Problem requirements: Write out exactly every line from the one containing "CBKC - Nova Presidencia CBKC" through the final line of the material below, both included. Pictures are to be skipped.

Given information:
------------------------------------------------------------

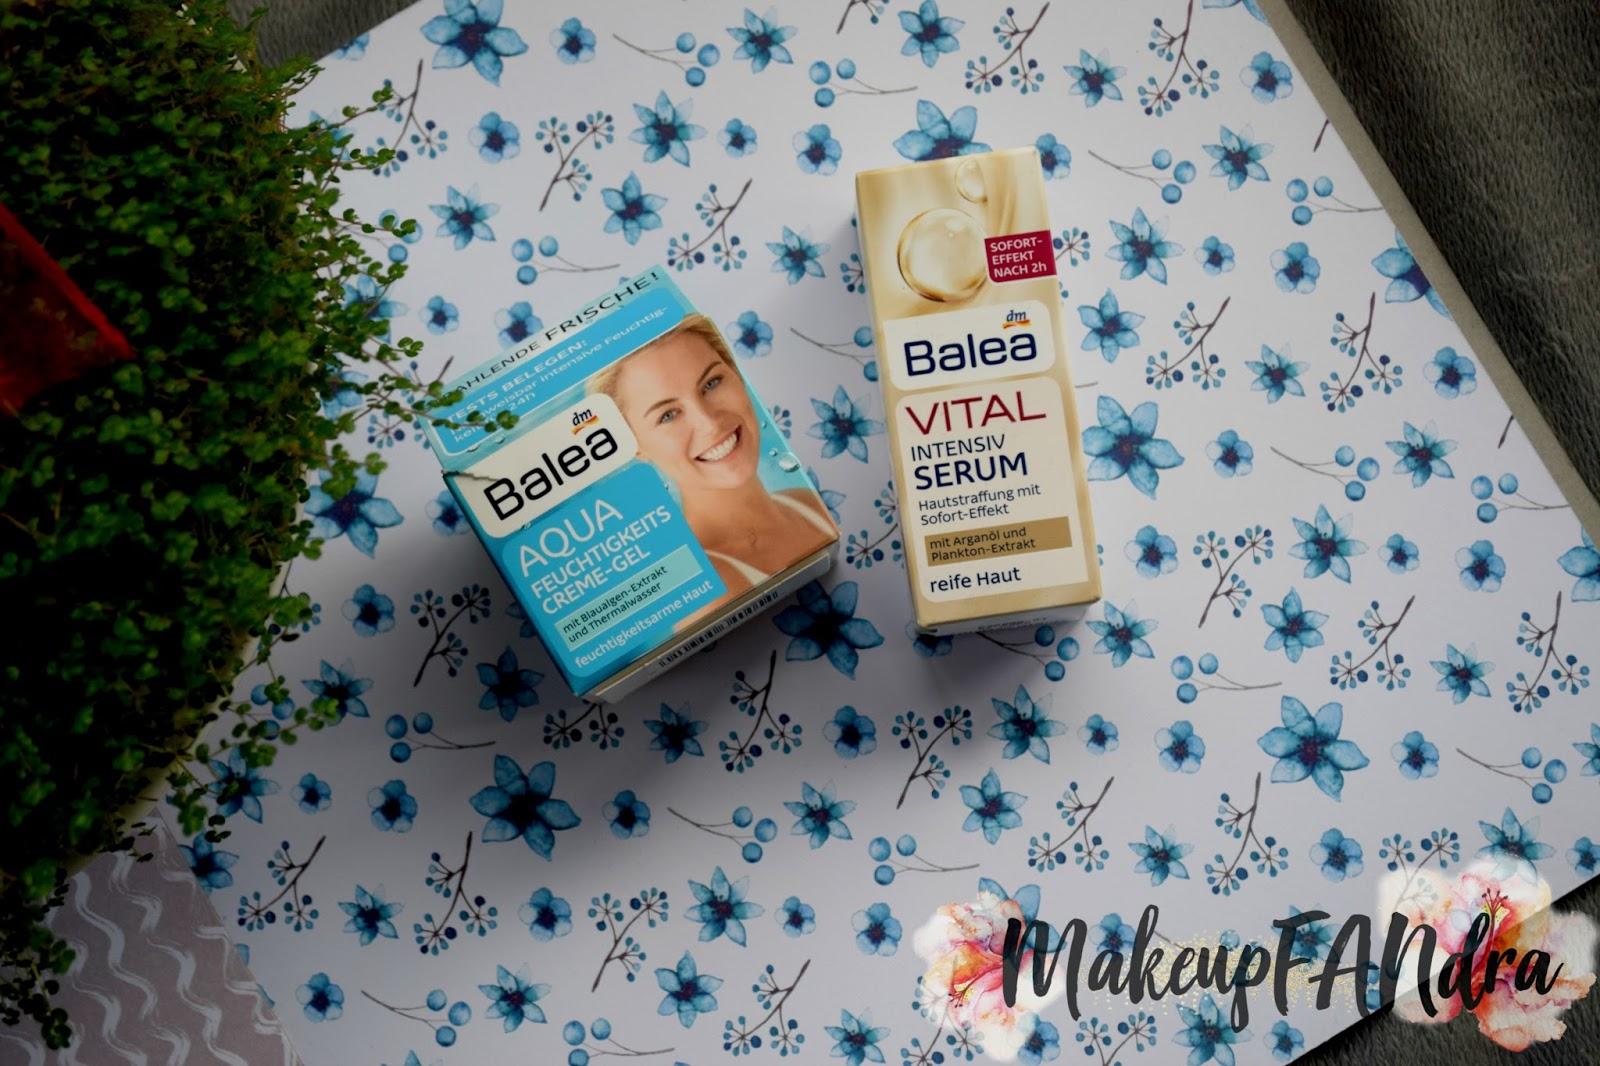 Balea-Aqua-krema-za-lice-Balea-Vital-serum-za-lice
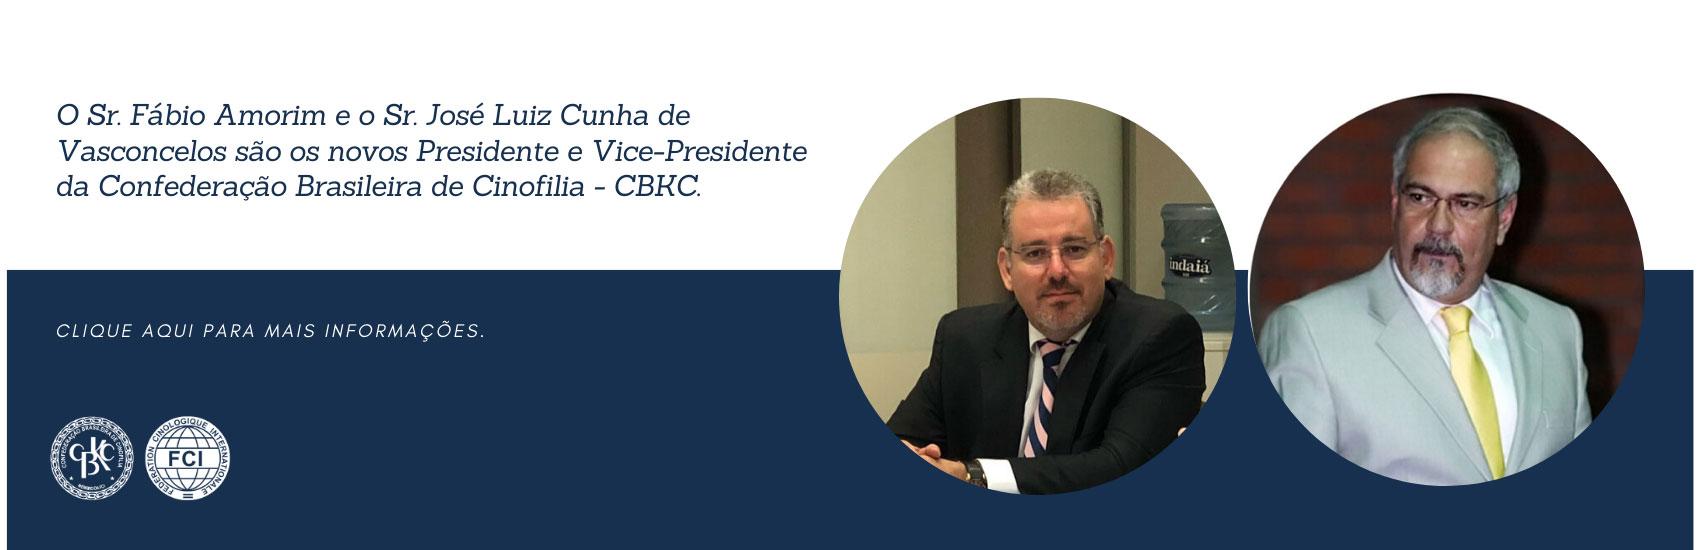 CBKC - Nova Presidencia CBKC
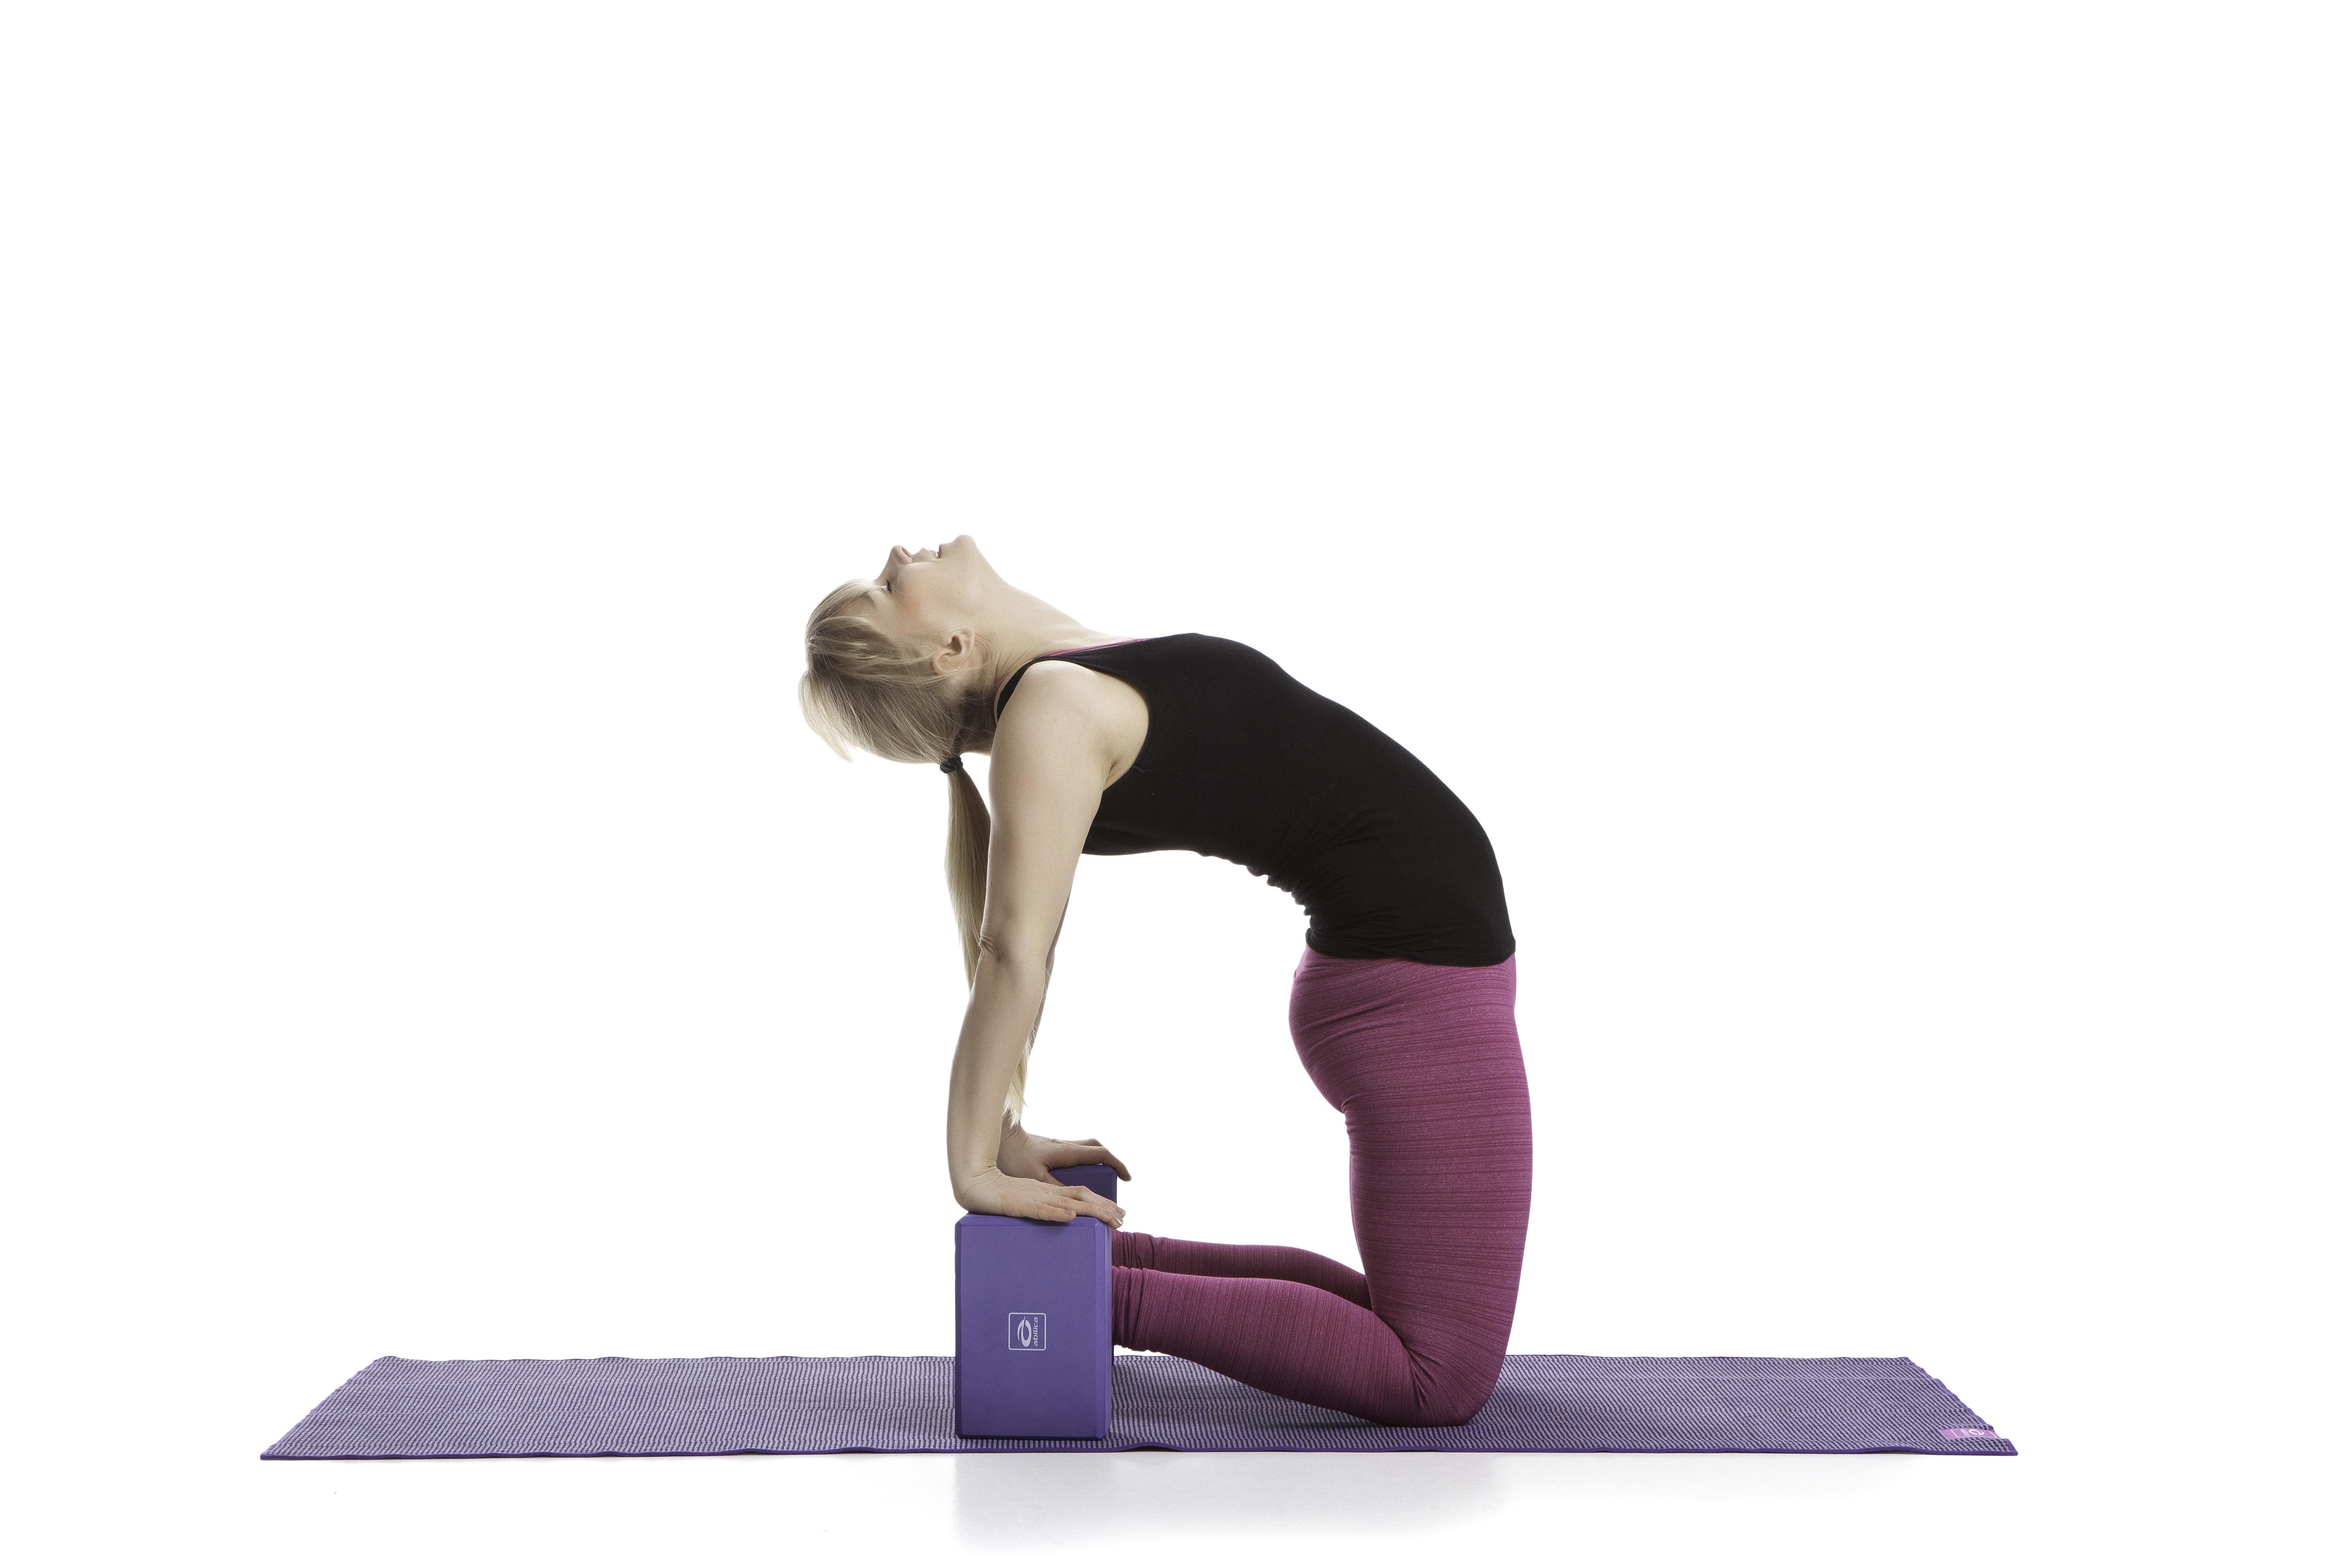 Yogamattan är din personliga arena

------------------------------------------------------------

Solution below:
 CBKC - Nova Presidencia CBKC
 Yogamattan är din personliga arena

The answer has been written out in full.